En lugar de agradecer a Choi Yeonseung, los dos cazadores se agarraron por el cuello y empezaron a pelear. Y en lugar de detenerlos, Choi Yeonseung decidió ignorarlos y hacer lo suyo.
«¿Cuál es la situación del lado del Cazador ahora? ¿Está haciendo algo de publicidad?»
«No. No sé si está conmocionado porque casi muere o algo así».
Después de una exitosa incursión monstruosa de grado A, no sería extraño que un político presumiera en televisión diciendo cosas como «¡Lo conseguí, conciudadanos míos!». Sin embargo, Huntsman aún no lo había hecho, posiblemente porque todavía estaba en estado de shock por haber estado a punto de ser enterrado vivo.
«En su lugar, está buscando contratar a más clanes. También se han puesto en contacto con nosotros».
De hecho, Huntsman estaba buscando tantos cazadores que incluso había contactado con clanes de la Industria Dragón. Después de todo, los cazadores que trabajaban para él le habían abandonado para matar al monstruo, así que su enfado estaba justificado.
«Gracias a esto, podemos anunciar los resultados de la incursión a los medios de comunicación centrándonos en el presidente. Hemos puesto a los medios a nuestro favor, y seguro que pronto obtendremos una respuesta firme del público.»
«¿No están protestando los cazadores?»
Aunque se inclinaron ante Huntsman y se disculparon profusamente por no haber podido salvarle, los cazadores del clan reunidos aquí no eran pusilánimes.
De hecho, ellos eran los que habían matado al monstruo de grado A, pero el comunicado de prensa hizo parecer que Choi Yeonseung lo había matado.
-¡El wendigo, un monstruo de grado A, ha sido derrotado en la zona minera! El equipo de asalto, en el que participó el cazador Choi Yeonseung, derrotó al monstruo…

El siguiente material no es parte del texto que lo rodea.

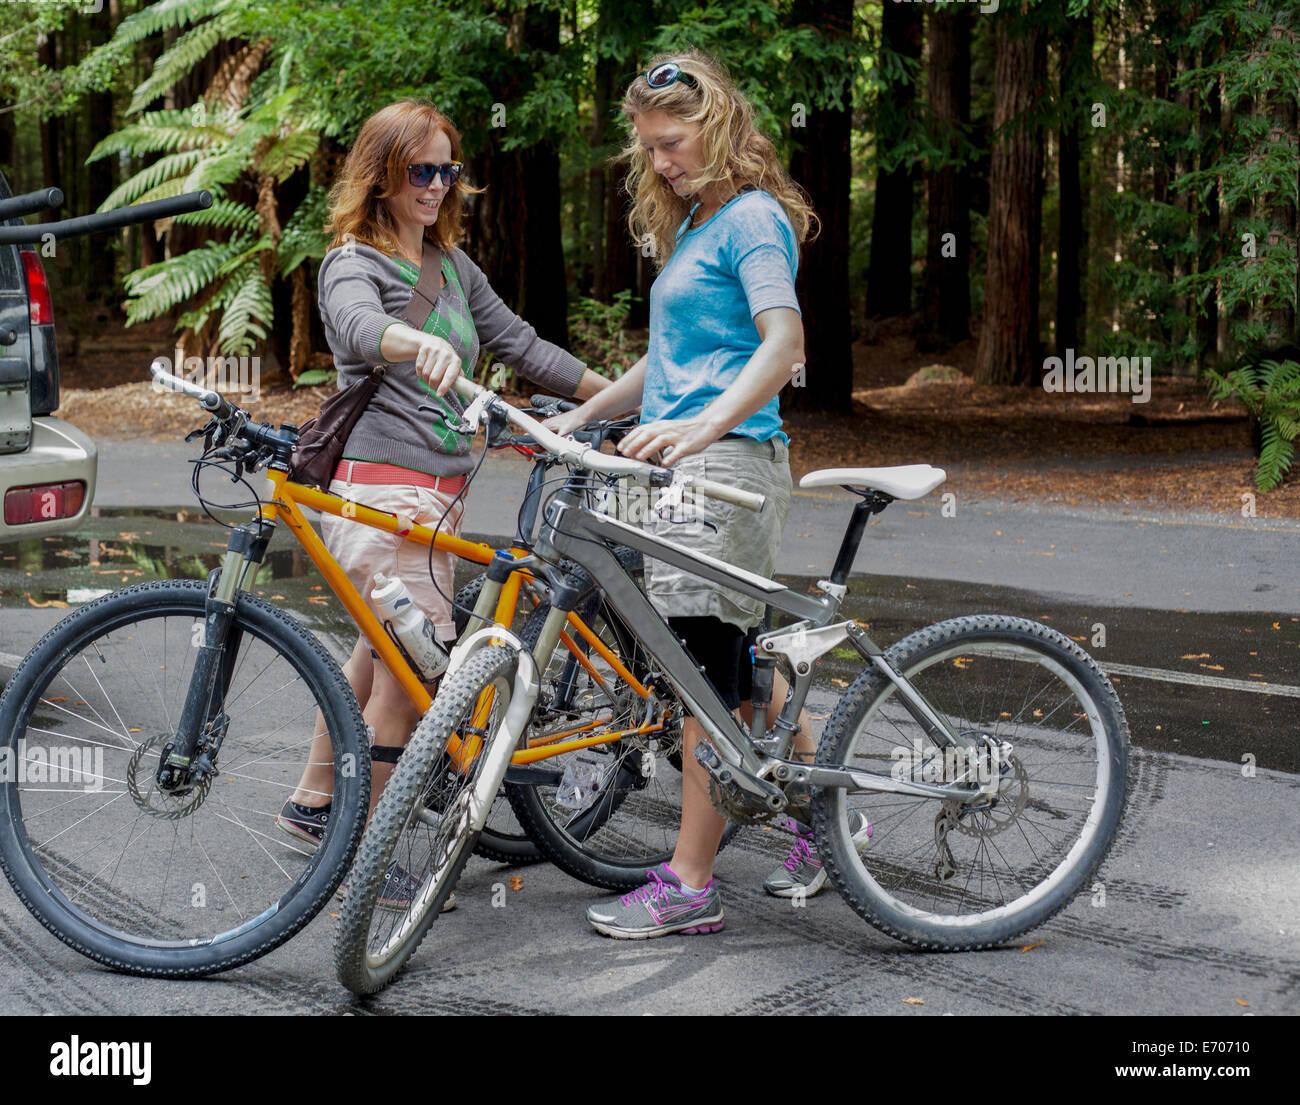 Due donne mountain bikers preparando a ciclo in foresta Immagini Stock

-¡En una situación que casi lleva al desastre, el cazador Choi Yeonseung consiguió rescatar a todos! Un cazador anónimo reveló: «Pensé que una constelación había descendido para salvarme…».

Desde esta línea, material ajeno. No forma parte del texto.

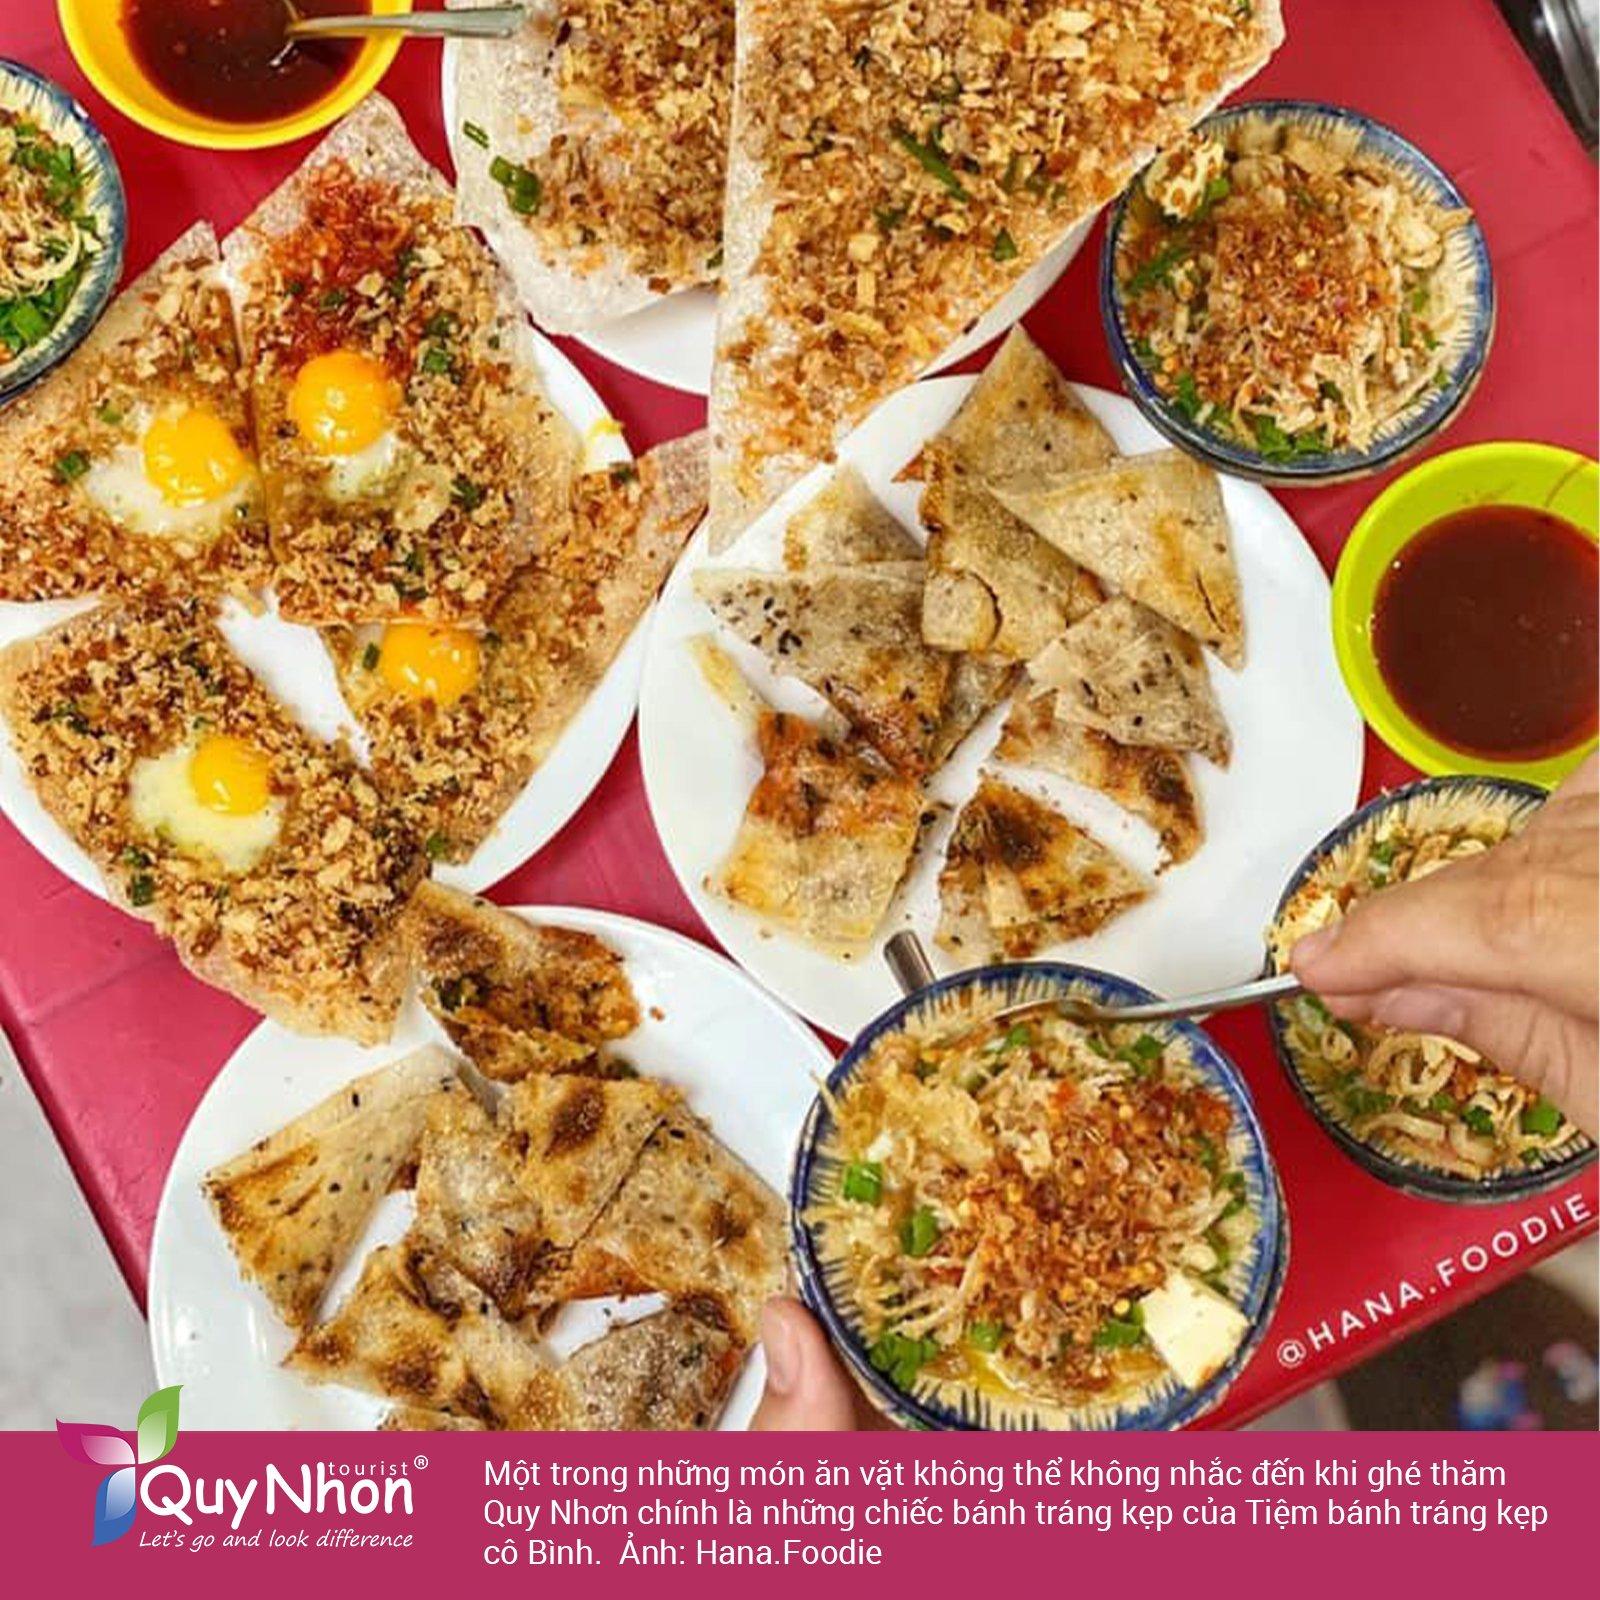 Ăn vặt Quy Nhơn - Tiệm bánh tráng kẹp cô Bình

-Mitt Huntsman- hay controversia sobre si estuvo o no en el lugar de los hechos… El campamento de Huntsman anunció que «el vídeo que circula ahora mismo es una completa invención. La persona en el video definitivamente no es Mitt Huntsman…’
-Los expertos en redadas creen que realmente era Huntsman: ‘¿No pretendía liderar la redada en primer lugar?’

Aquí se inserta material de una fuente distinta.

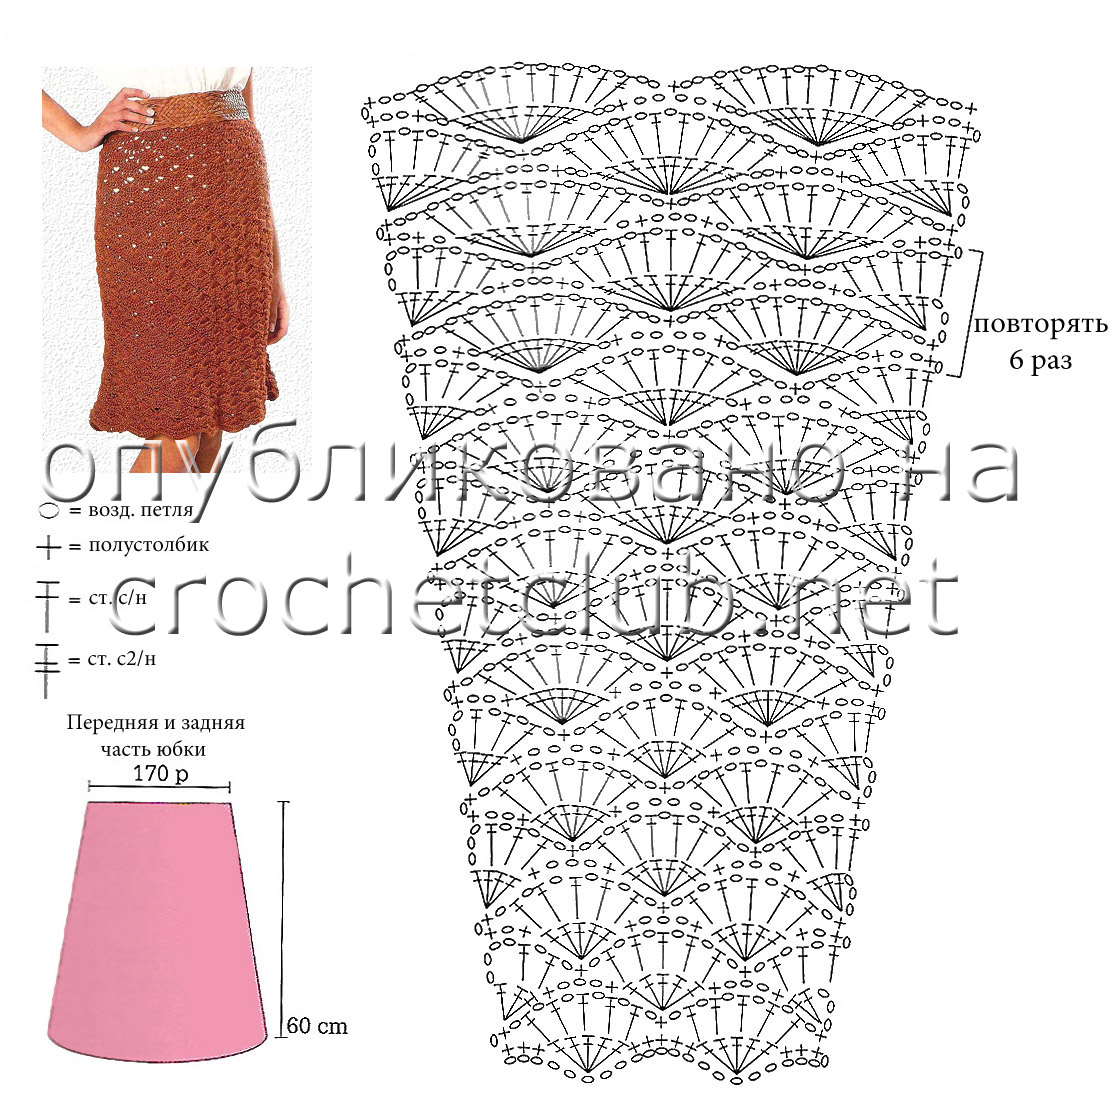 Вязание крючком юбки для женщин со схемами 15

-Una poderosa habilidad que puede derribar montañas… Incluso los cazadores de alto rango la elogiaron como una ‘fuerza física abrumadora que nunca antes se había visto’…
¿Se reavivará el debate sobre la clasificación?
-¡Los cazadores de grado A que no están dando un paso adelante en la situación actual deberían aprender de las acciones del cazador Choi Yeonseung!
«Ahora mismo, los clanes ni siquiera tienen el espíritu para protestar. Están ocupados con sus propios problemas».
Los clanes involucrados en esta incursión lo estaban pasando mal.
Huntsman les estaba mordiendo desde arriba, había estallado una pelea entre cazadores por el camino y había que manejarla, e Isabella Meyer, en quien habían confiado, sólo decía lo que quería decir sin ayudar…
Las cosas no fueron tan horribles porque Choi Yeonseung había compartido benévolamente las recompensas de la incursión. Si él hubiera monopolizado todo, no habría sido sorprendente que hubiera habido un motín.
«Es realmente asombroso. Nunca pensé que preverías tanto y cederías tus derechos al monstruo. Al principio pensé que era un desperdicio, pero ahora entiendo el significado que hay detrás», dijo Hwang Jaecheol, el ejecutivo de Batería Dragón, con cara de admiración.
Después de oír que había salvado a otros cazadores del clan durante la incursión y compartido las recompensas de los monstruos en lugar de monopolizarlas, Hwang Jaecheol pensó al principio que Choi Yeonseung estaba siendo demasiado generoso.
Pero al ver la reacción de todos, se dio cuenta de que el gesto de Choi Yeonseung había sido parte de su meticuloso plan.
Gracias a rescatar a los otros cazadores de clanes y a la gente del campamento del Cazador, las caóticas consecuencias de la incursión no afectaron a Choi Yeonseung. Los clanes que estaban luchando entre sí no molestaban a Choi Yeonseung porque él les había dado una parte de las recompensas.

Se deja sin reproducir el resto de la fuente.